Learning Dynamical Systems Encoding Non-Linearity within Space Curvature

TL;DR

This paper introduces a geometrical method to learn stable, non-linear dynamical systems for robotics by encoding non-linearity within space curvature, enabling adaptive obstacle avoidance and improved complexity without sacrificing stability or efficiency.

Contribution

It presents a novel approach that models dynamical systems as harmonic oscillators on a curved manifold, allowing seamless integration of environmental changes and obstacle avoidance.

Findings

Effective encoding of non-linearity within space curvature.

Demonstrated obstacle avoidance through local space deformations.

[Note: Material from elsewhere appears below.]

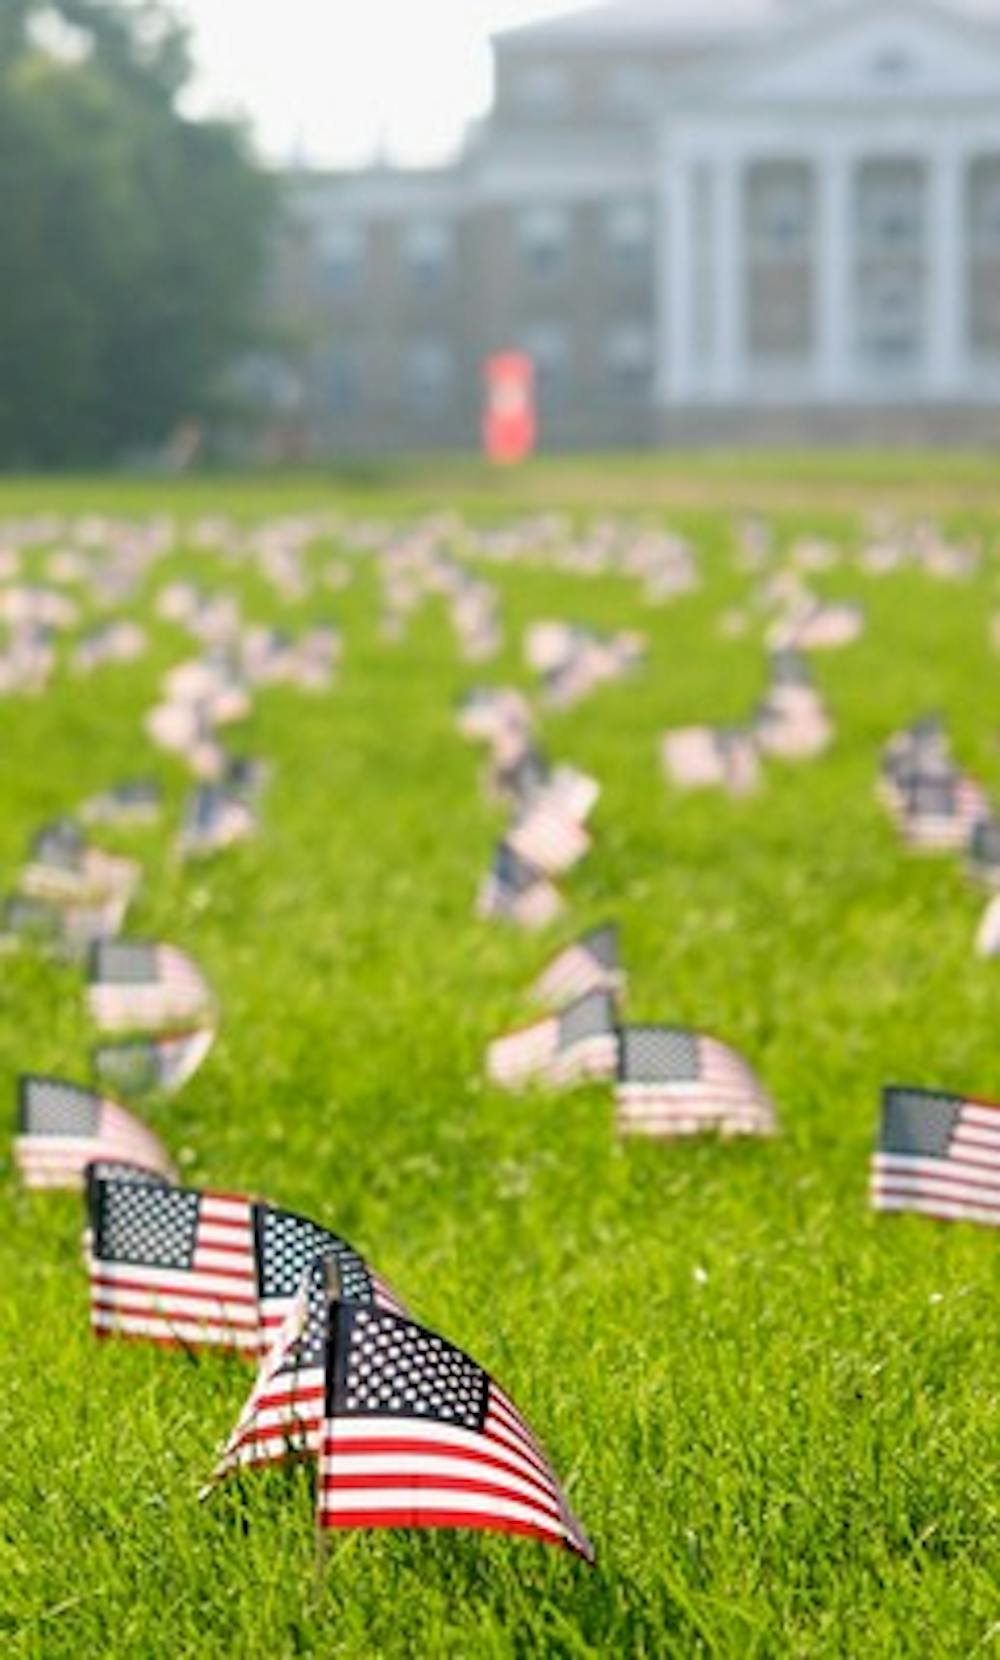 Student orgs. pay tribute to Sept. 11 victims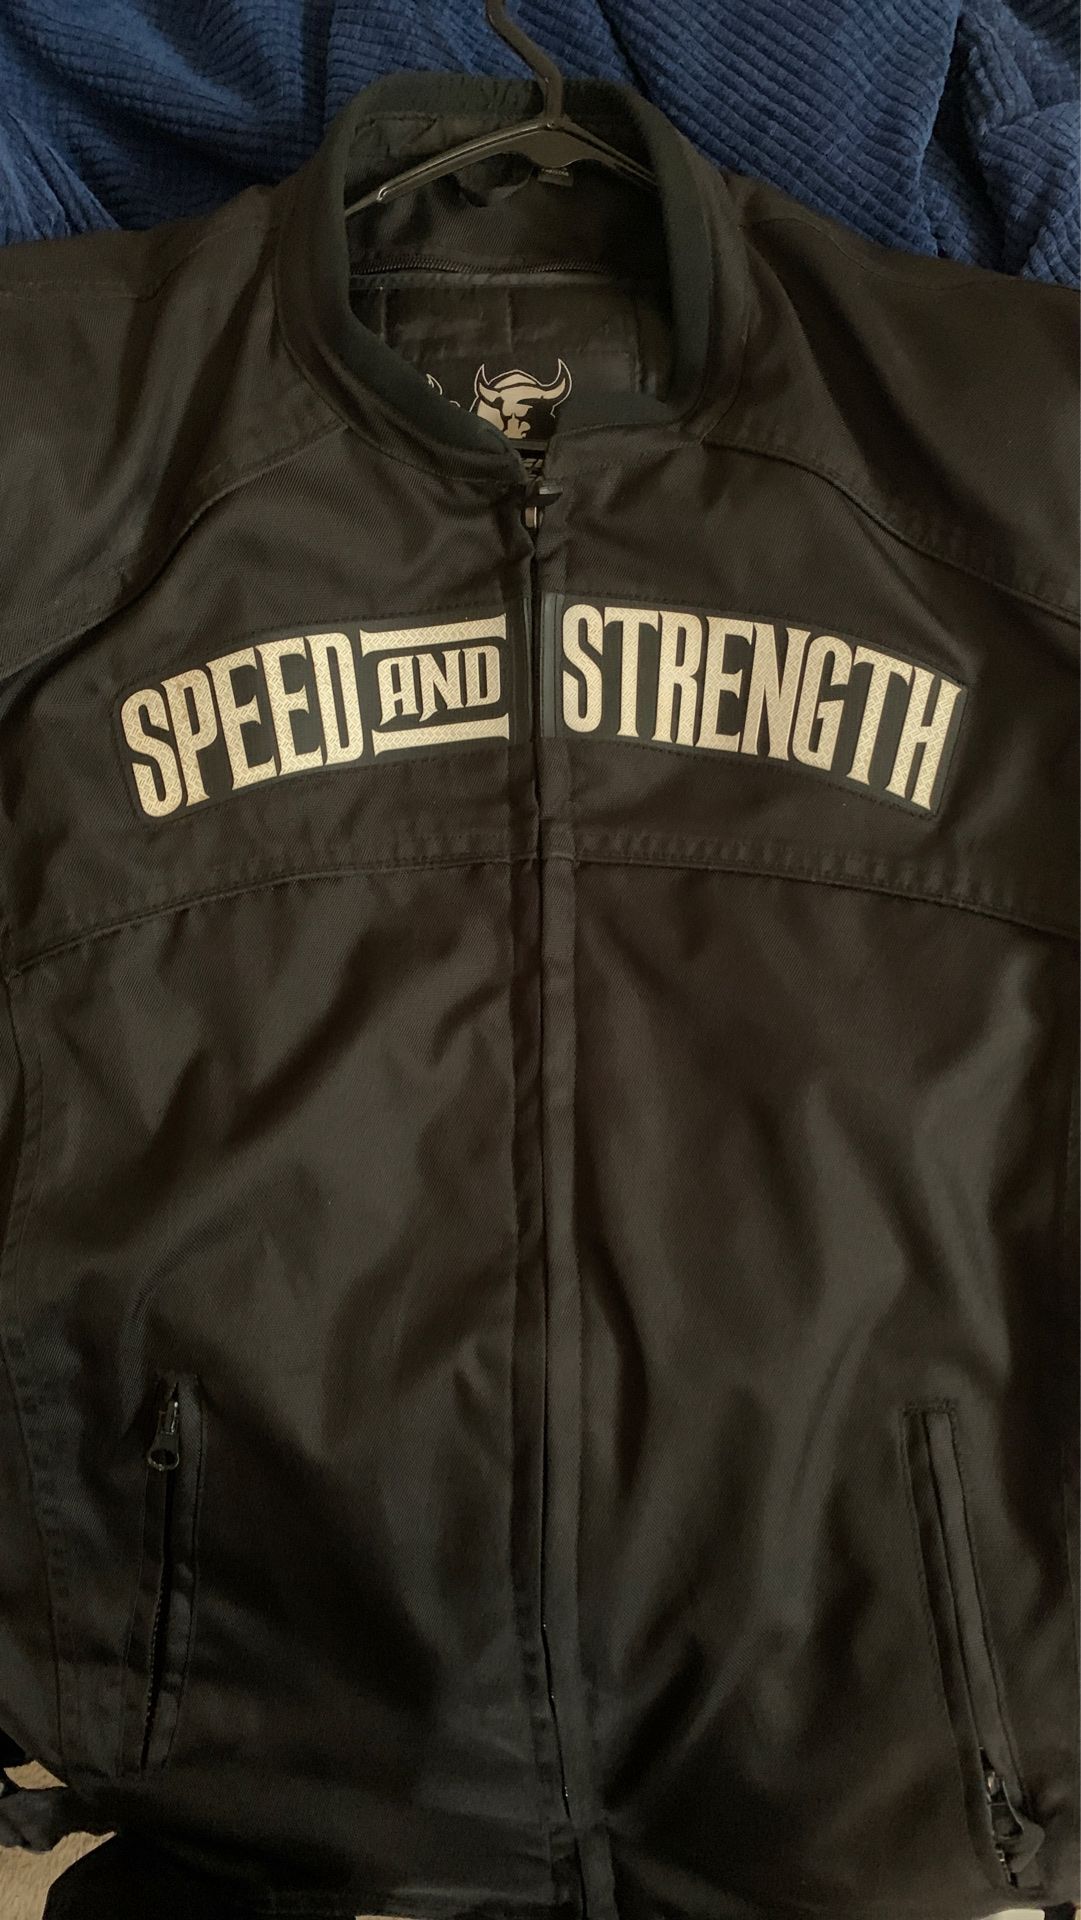 Speed and strength XL motorcycle jacket

Validated on synthetic and real-world robotic motion scenarios.

Abstract

Dynamical Systems (DS) are an effective and powerful means of shaping high-level policies for robotics control. They provide robust and reactive control while ensuring the stability of the driving vector field. The increasing complexity of real-world scenarios necessitates DS with a higher degree of non-linearity, along with the ability to adapt to potential changes in environmental conditions, such as obstacles. Current learning strategies for DSs often involve a trade-off, sacrificing either stability guarantees or offline computational efficiency in order to enhance the capabilities of the learned DS. Online local adaptation to environmental changes is either not taken into consideration or treated as a separate problem. In this paper, our objective is to introduce a method that enhances the complexity of the learned DS without compromising efficiency during training or stability guarantees. Furthermore, we aim to provide a unified approach for seamlessly integrating the initially learned DS's non-linearity with any local non-linearities that may arise due to changes in the environment. We propose a geometrical approach to learn asymptotically stable non-linear DS for robotics control. Each DS is modeled as a harmonic damped oscillator on a latent manifold. By learning the manifold's Euclidean embedded representation, our approach encodes the non-linearity of the DS within the curvature of the space. Having an explicit embedded representation of the manifold allows us to showcase obstacle avoidance by directly inducing local deformations of the space. We demonstrate the effectiveness of our methodology through two scenarios: first, the 2D learning of synthetic vector fields, and second, the learning of 3D robotic end-effector motions in real-world settings.